This went on for days and days. Sometimes the same two men who had first interviewed me came again. Sometimes there were other visitors. Every day I was forced to submit to the attendance of the guards, like any caged beast. I was never spoken to. All day long, when I was alone, I would wander restlessly about, thinking over and over again the old, terrible thoughts of what I had seen and lost and would not know. I should have gone mad, I think, had they not acceded finally to my request for writing materials—the only sign they ever gave me that I was understood. I might have given way to some murderous fit of rage against them, had those guards not always been there, with their tiny, threatening weapons.

But I was at least a little consoled with the writing materials. Thereafter I was able to spend hours and hours setting down the details of my adventure, recording all my thoughts and desires. I have given here only a small portion of all that I wrote. I think it must have been this relief in writing that kept me sane. I had never before realized so fully the vast wonder of the alphabet, of this thing we call writing. By pouring out all my heart into words, by expressing the things that hung so oppressively over my heart, I was able to make them a little lighter, and, perhaps, a little heroic, a little flattering and epic.

But this, thank God, did not go on forever. For one day Vinda came. She said afterward that it had been only curiosity which led her to my cell. Everybody in the City, everybody in that world, seems to have been wildly curious to see the strange creature from the distant star. But Vinda was the daughter of the King of the planet, whose family, so far as I could gather, retained its supremacy only so long as it retained its great intellectual power. Vinda's father, the King, was a physicist.
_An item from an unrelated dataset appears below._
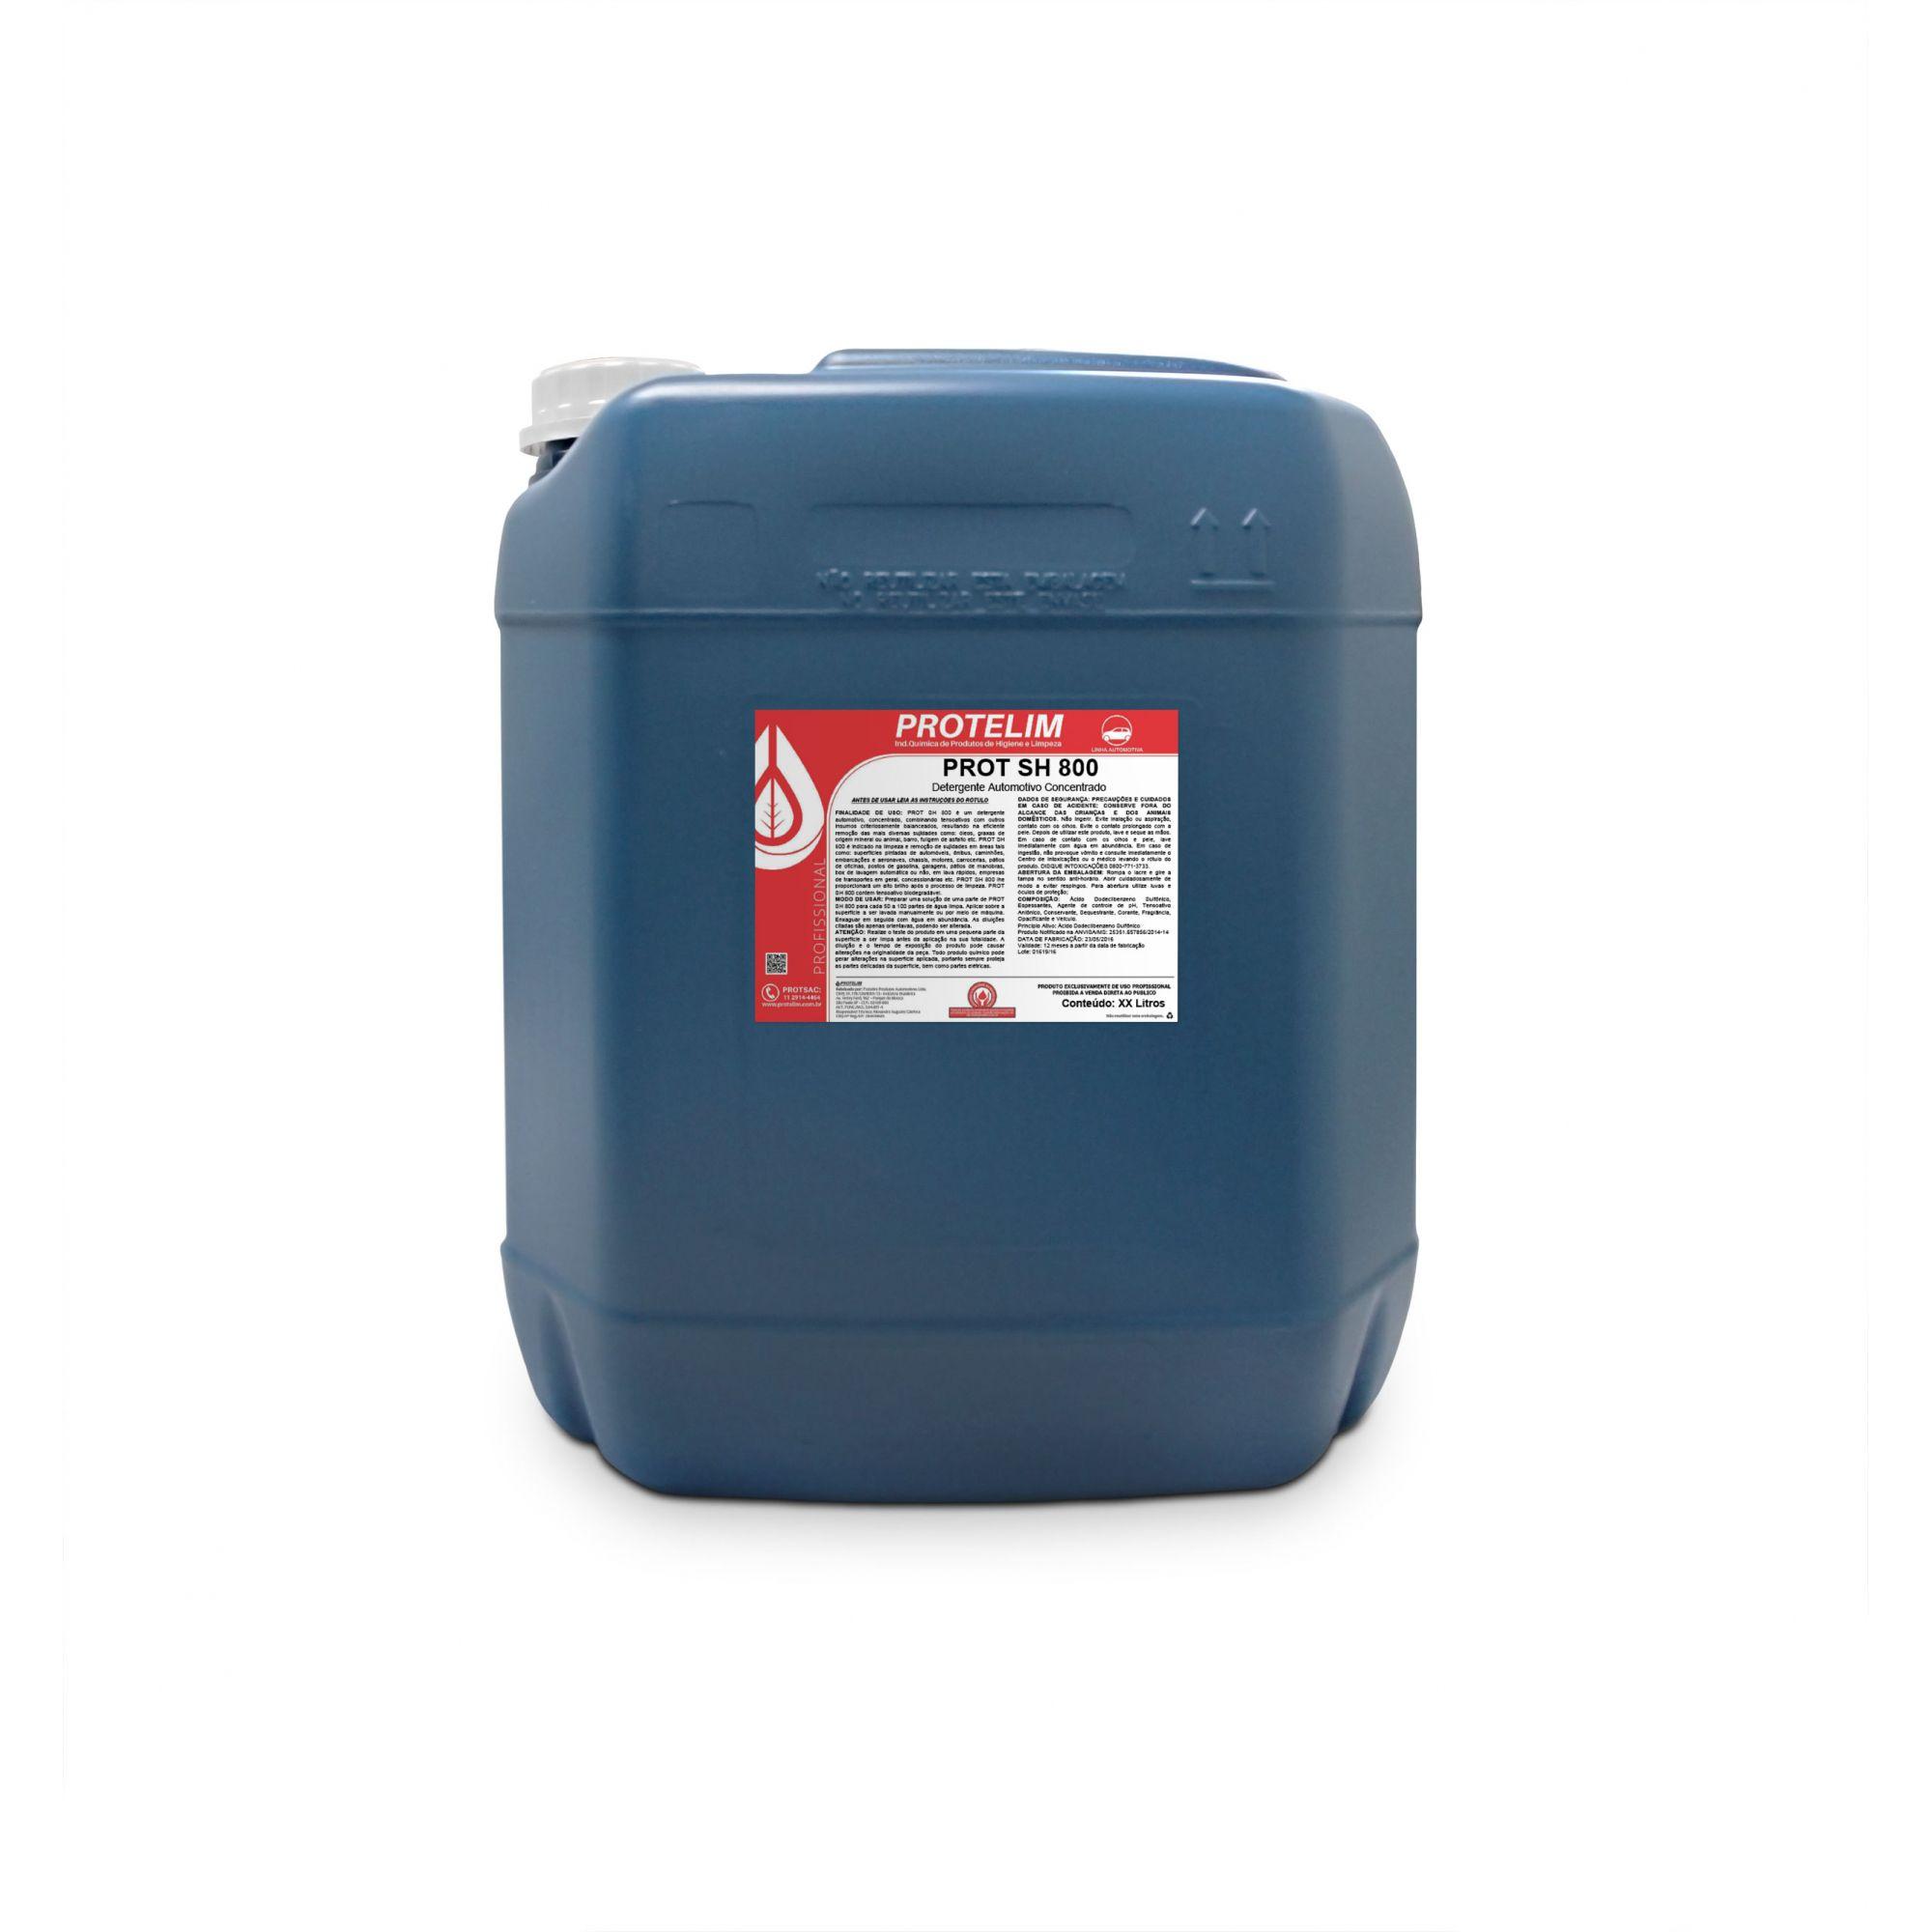 Shampoo Amarelo Prot Sh 800 PROTELIM 20L

Vinda came in state, with a guard of six men and an escort of six scientists. I will not say that I loved her at first sight. I was, indeed, amazed by her great beauty and the mobility of her features, so fine a contrast with the impassivity of the men. She was not very tall either, just about my own height, and the most graceful woman I have ever known. She smiled at me with a somewhat aloof interest, and then—then she spoke! The first sounds of human speech I had heard on the planet. And she spoke English! Only a few broken words, it is true. But I found afterward that she had learned them, just for the amusement of it, from the reports of the scientists who examined me. She said:

"You—are—Kirby?" Her accent—how could I reproduce the sweetness of that clear accent, so exotic, so perfectly in keeping with the delicacy of her own appearance? For a long time I could say nothing, just stare at her open-mouthed, amazed, delighted. Then I managed to stutter some foolish reply:

"Kirby? Yes.… yes, I am Kirby. Yes …" And she smiled again, and I smiled, unaware of the scornful gleam in the eyes of the men. She smiled even more brightly when she saw my own grin. Indeed, I fancy she was about to laugh, laugh at me, but perhaps my very simplicity made her calm again. For—do you see?—I did not learn for a long time that only women laughed and played, and amused themselves with artistic pursuits on that planet. They did, indeed, scorn me, those men, when they saw me laughing, as we would scorn a man who talked with a piping voice and giggled and stepped mincingly about. But I like to think that there was something in me more appealing to Vinda than the impassive manhood of those scientists. Perhaps, after all, it is only that I was unique. But she did like me—I am certain of it now.

We said very little that time. She was reserved, formal, I was too confused to speak coherently. After a while she retired, and it seemed to me that my cell was ten thousand times as bare and cold and hard as it had been before.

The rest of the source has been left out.